What is a community? This is an interesting question to ask but a difficult one to answer.
Many scholars have attempted to define community or to describe what makes up a
community and Galbraith (1990) talks about the multi-dimensionality of community. Massey
(1992) also describes how changes in the world economy are impacting on visions of "home,"
"place," or "locality." In concert with the main theme of this book, Decker (1992) suggests
that communities need to be where learning can take place. Various sources referenced at
the end of this chapter provide these varied and contrasting conceptions or dimensions of
community.
The word "community" comes from the Latin term, Communis, meaning fellowship or
common relations and feelings. In its medieval usage the word was perhaps more
descriptive, meaning a body of fellows or fellow townspeople. This definition is still relevant,
since the average person today usually defines community in reference to locality, such as a
hometown, place of residence, or neighborhood.
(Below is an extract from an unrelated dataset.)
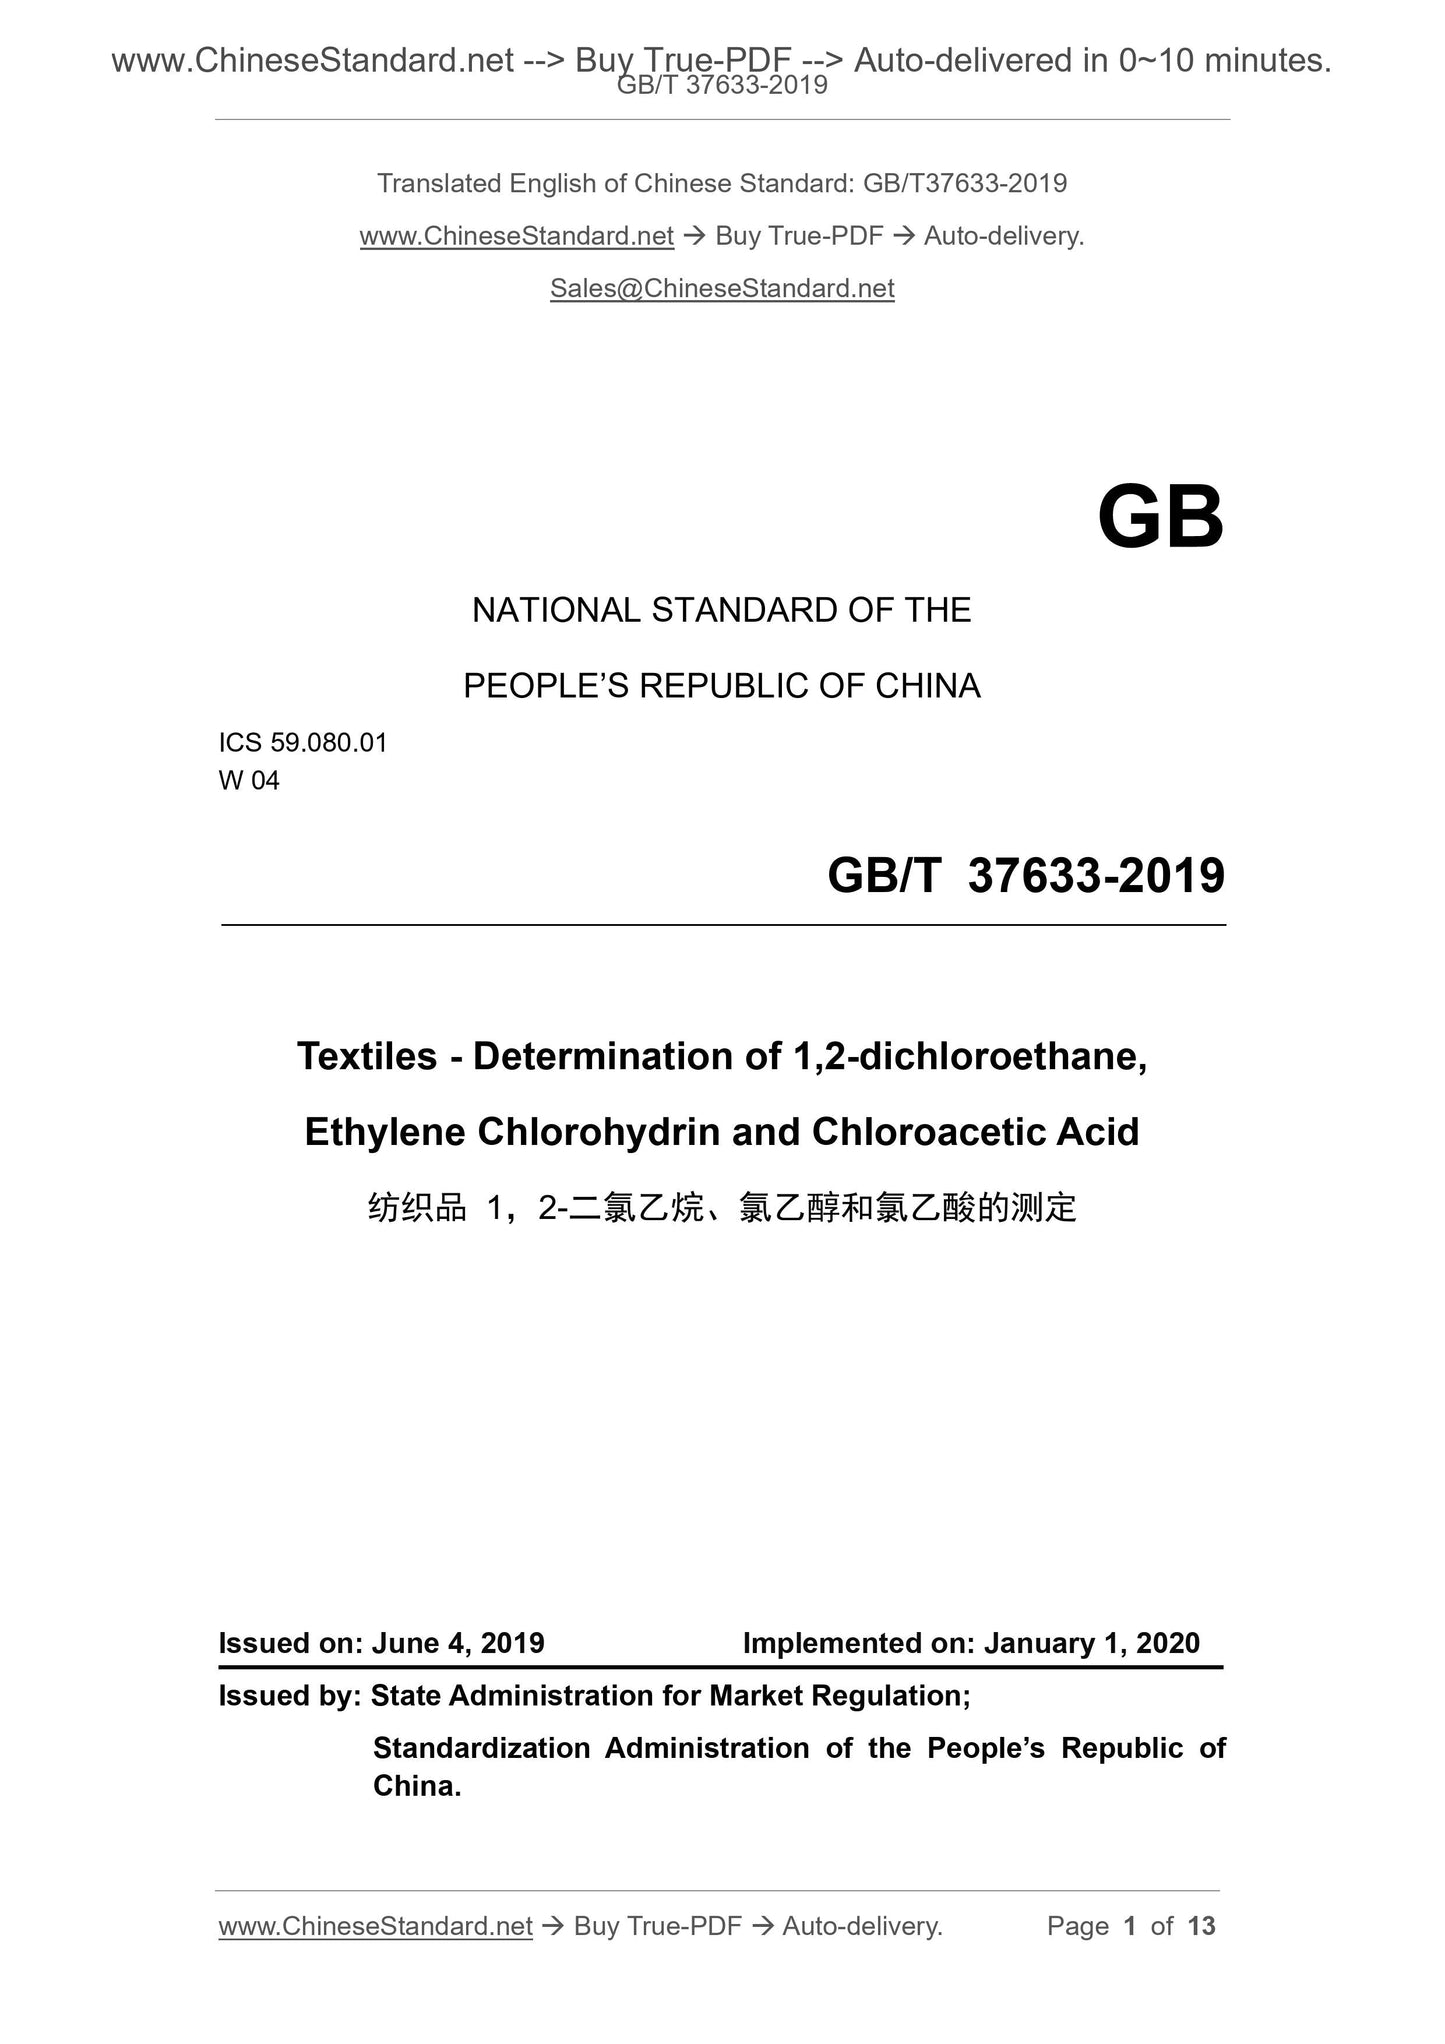 GB/T 37633-2019 Page 1

However, there are many other ways of examining the meaning of community beyond a
locality reference. This does not mean that the community as a locality base is dying out;
rather, the nature of community is complex and changing. Thus, more precision is needed to
promote an understanding of community adequate enough for effective living and survival in
a situation of change.
One of the least precise ways for describing a community is to place it at either of two
opposite poles. Yet, such a description often is used. Such polarities have been variously
described as the range from rural to urban, folk culture to mass culture, simple organization
to complex, or Gemeinschaft to Gesellschaft (see the definitions later in this chapter). In
whatever way these contrasting positions are described, they provide little assistance in
helping you describe a personal perception of community.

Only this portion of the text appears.